Quote all of the data exactly as given. Skip every picture it contains.

#### INFORMATION PROVIDED
# # # # # # #

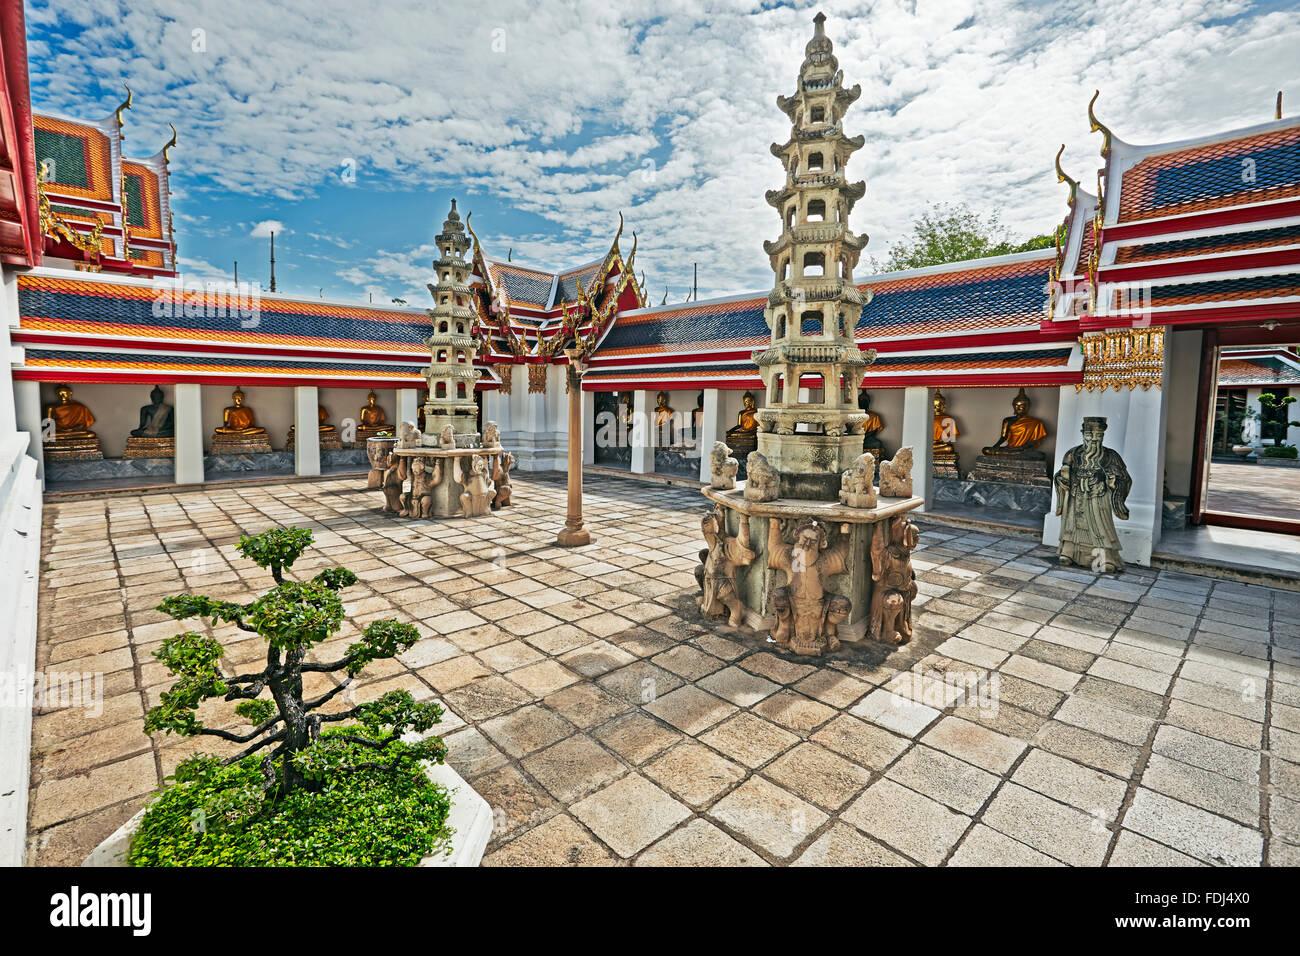 Wat Pho Temple, Bangkok, Thailand. - Stock Image
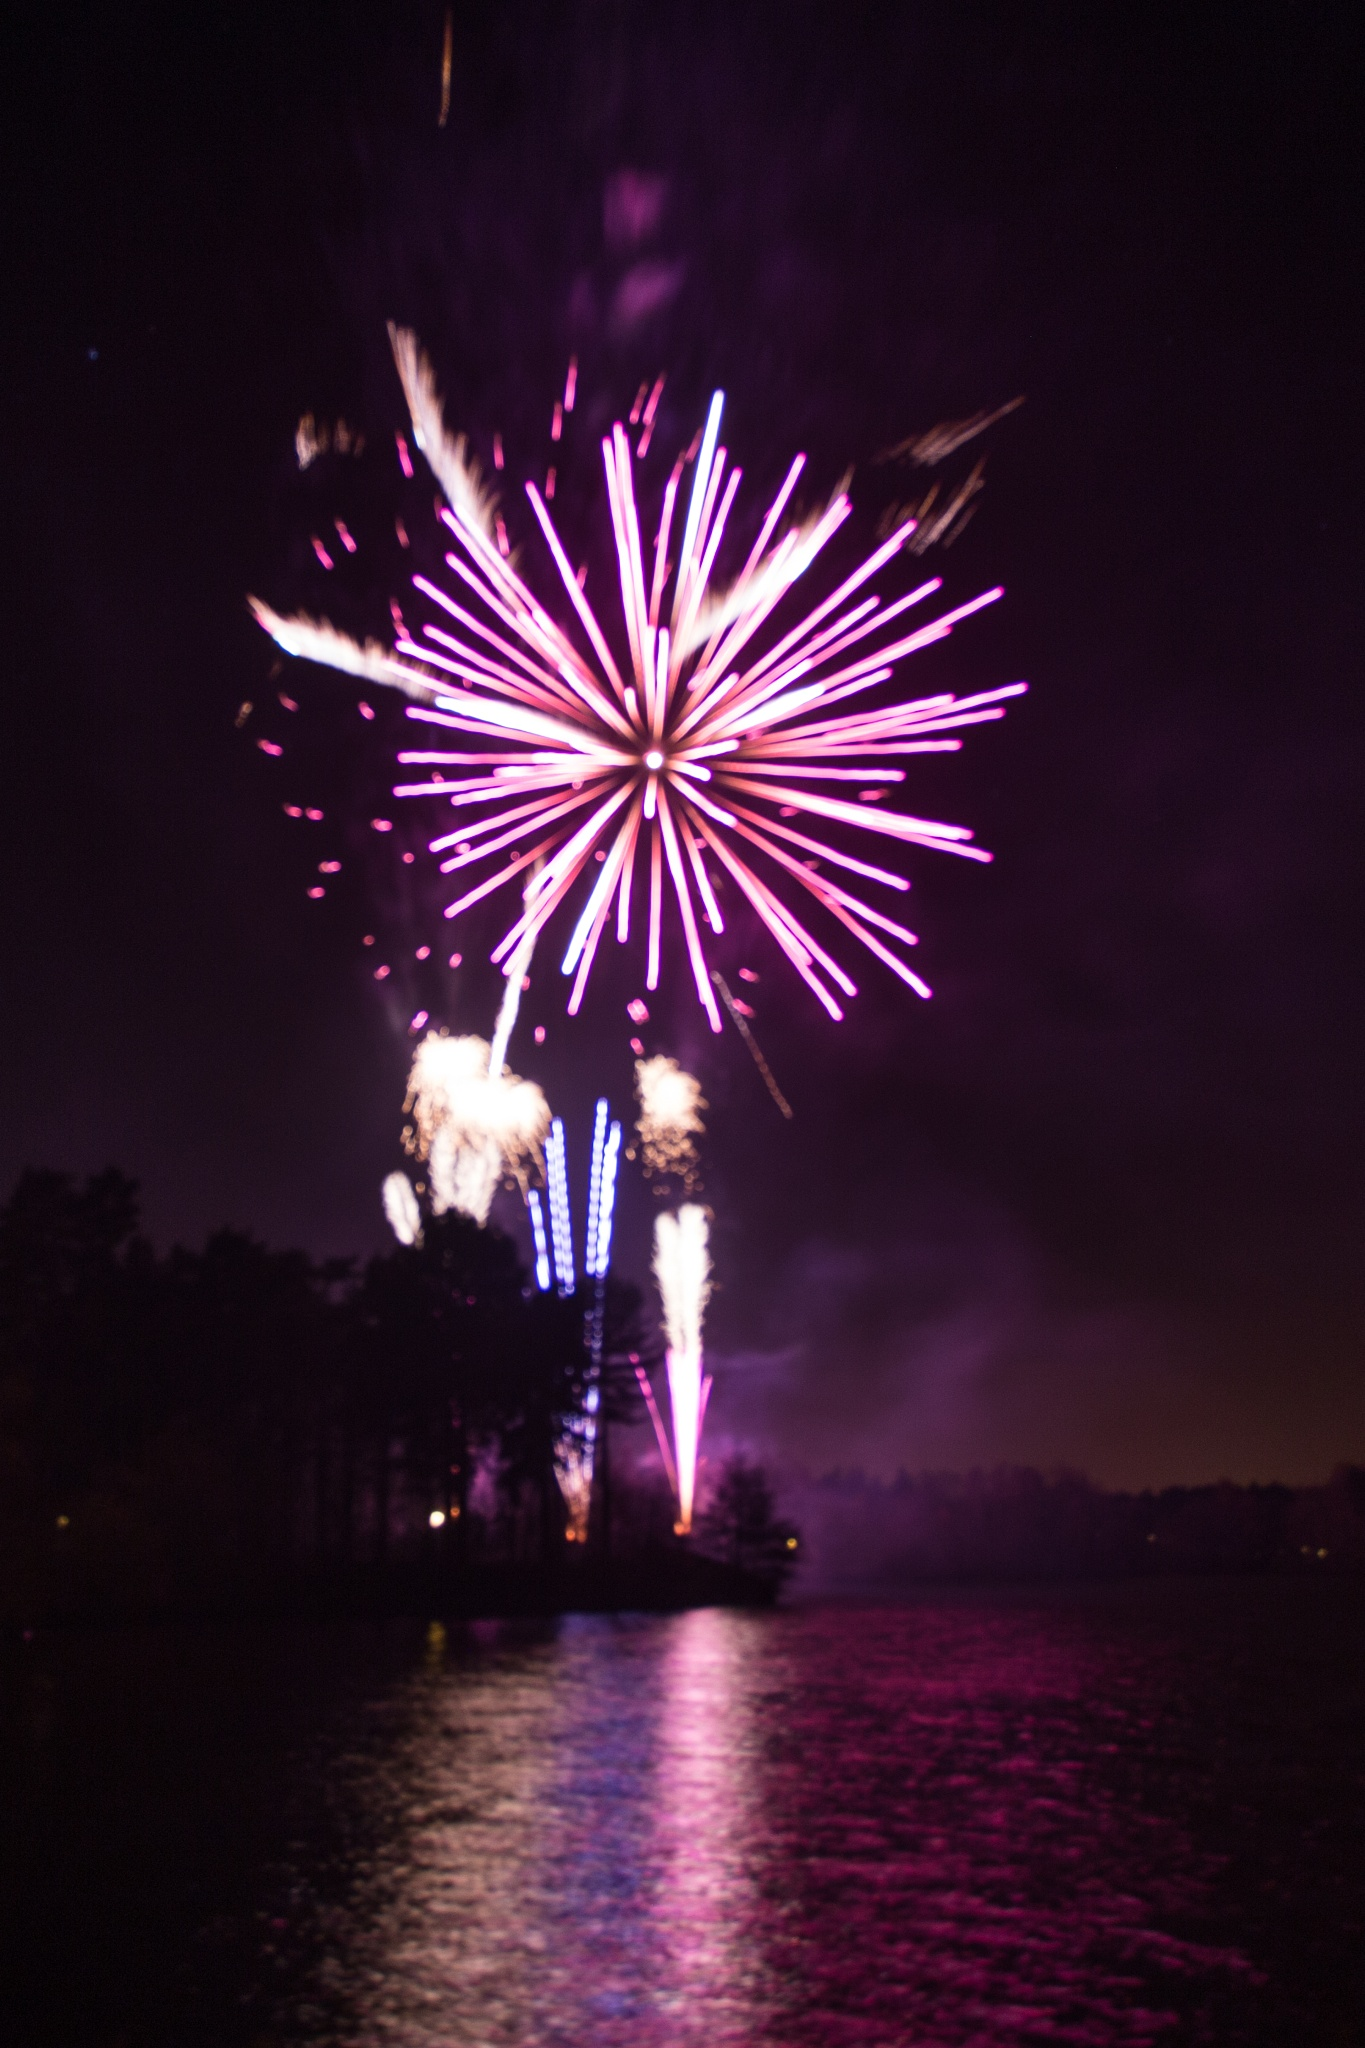 Fireworks by Russ Burton
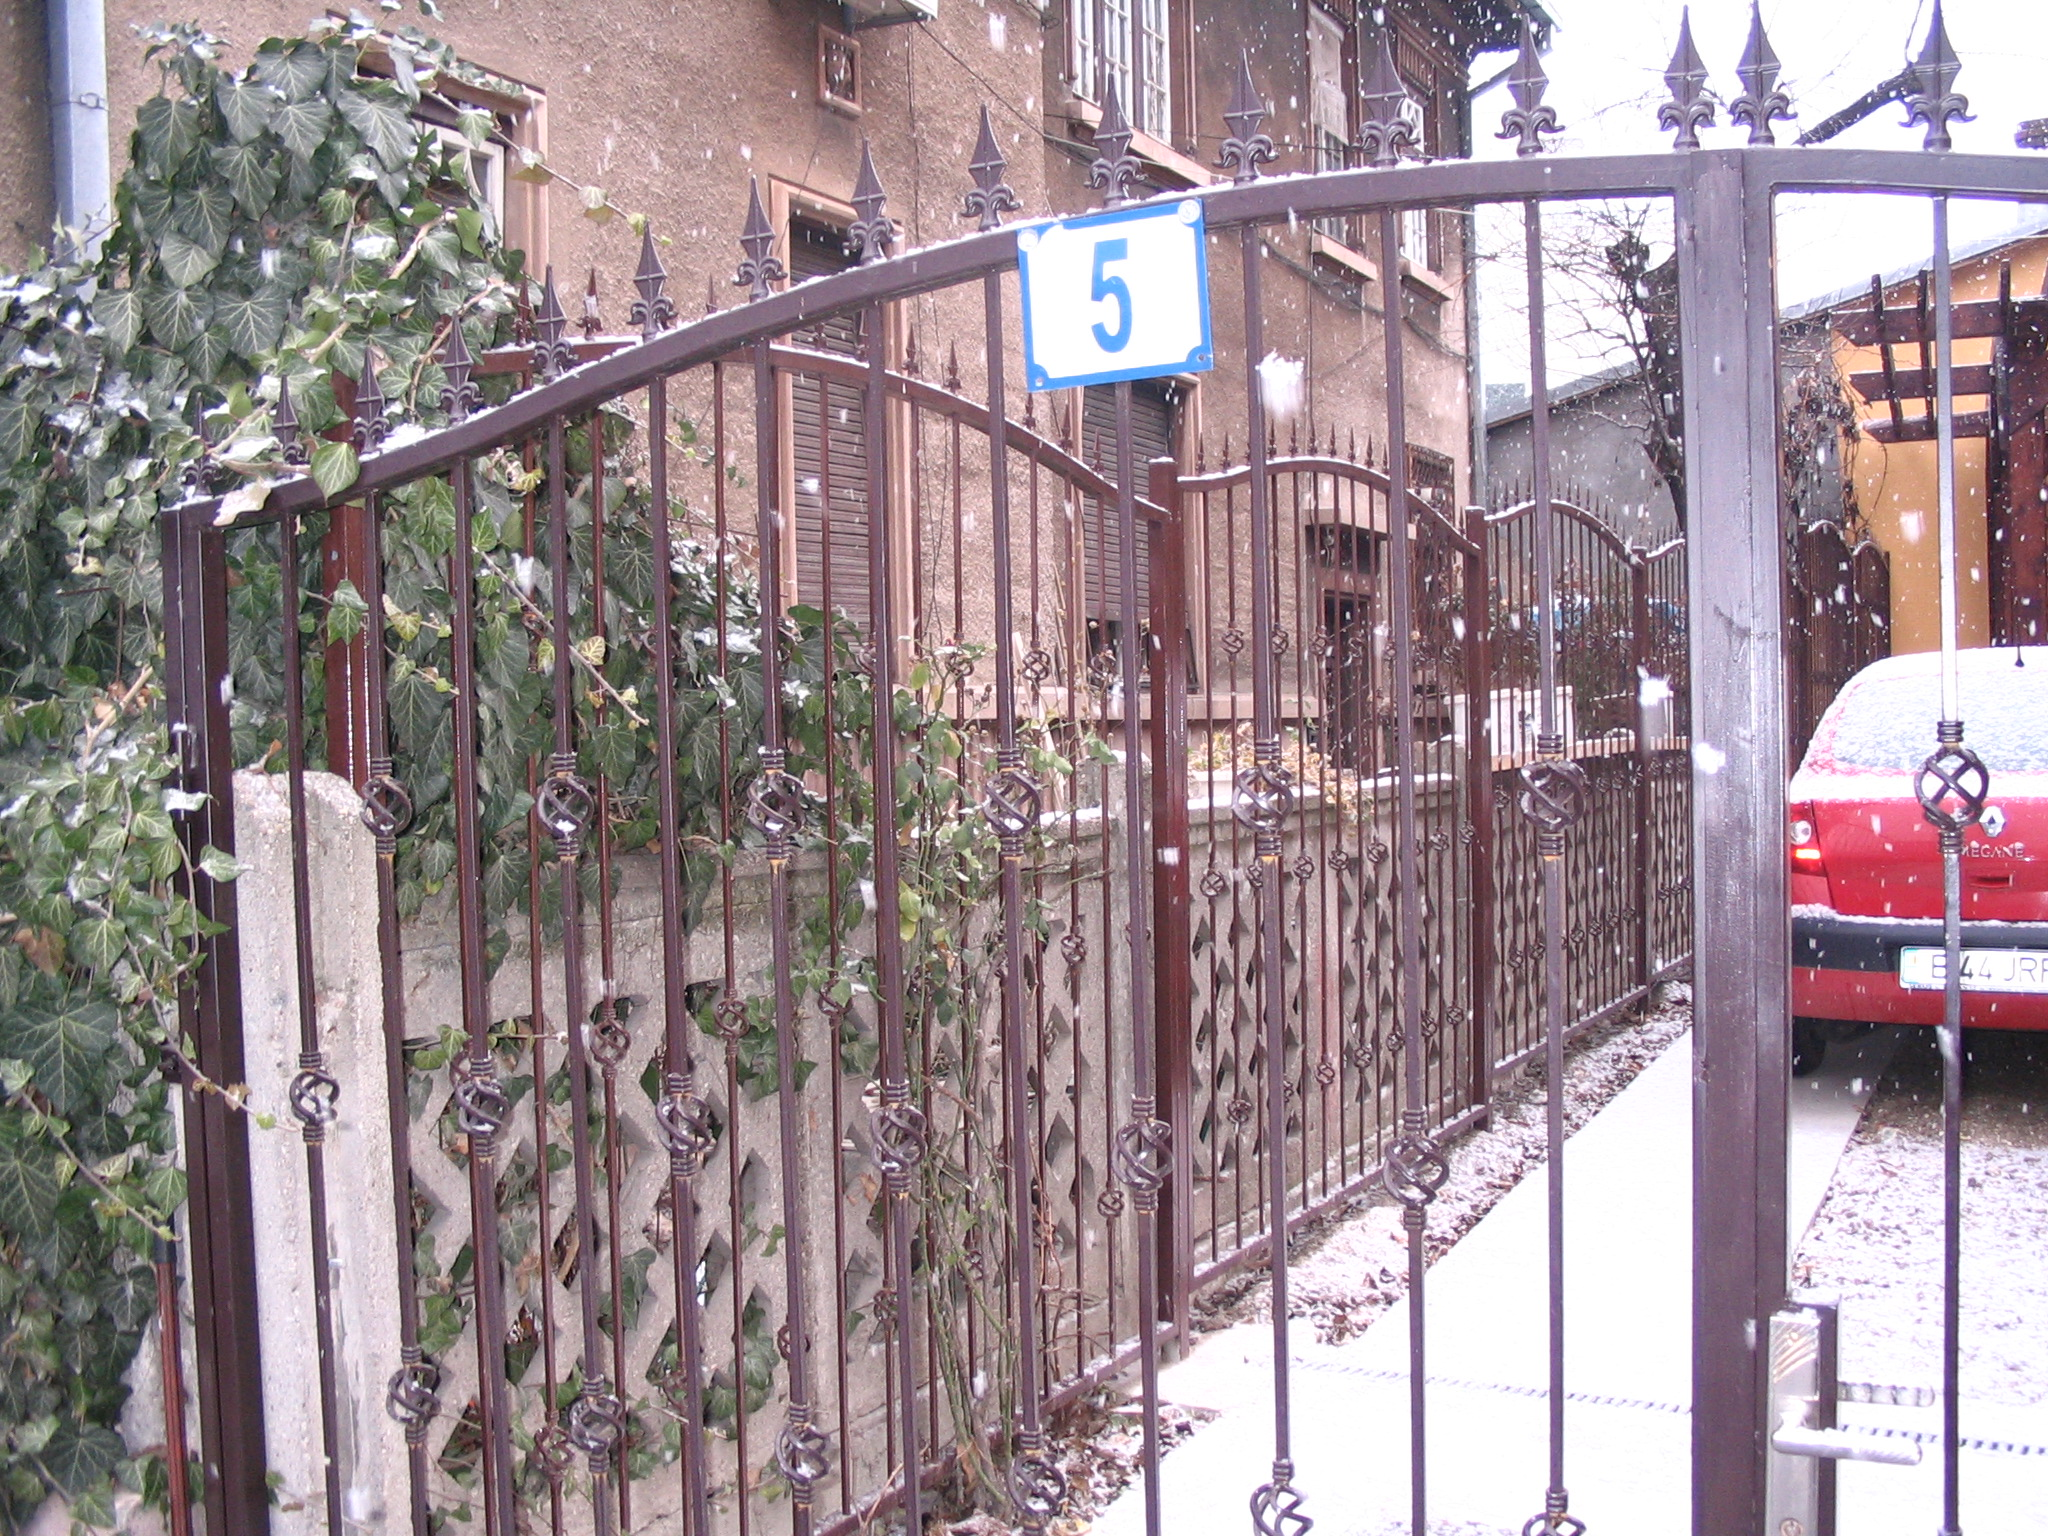 Reamenajare locuinta unifamiliala in str. Intrarea Noptii nr. 5  - Poza 1

# # # # # # #

#### TASK SOLUTION
 Wat Pho Temple, Bangkok, Thailand. - Stock Image
 Fireworks by Russ Burton
 Reamenajare locuinta unifamiliala in str. Intrarea Noptii nr. 5  - Poza 1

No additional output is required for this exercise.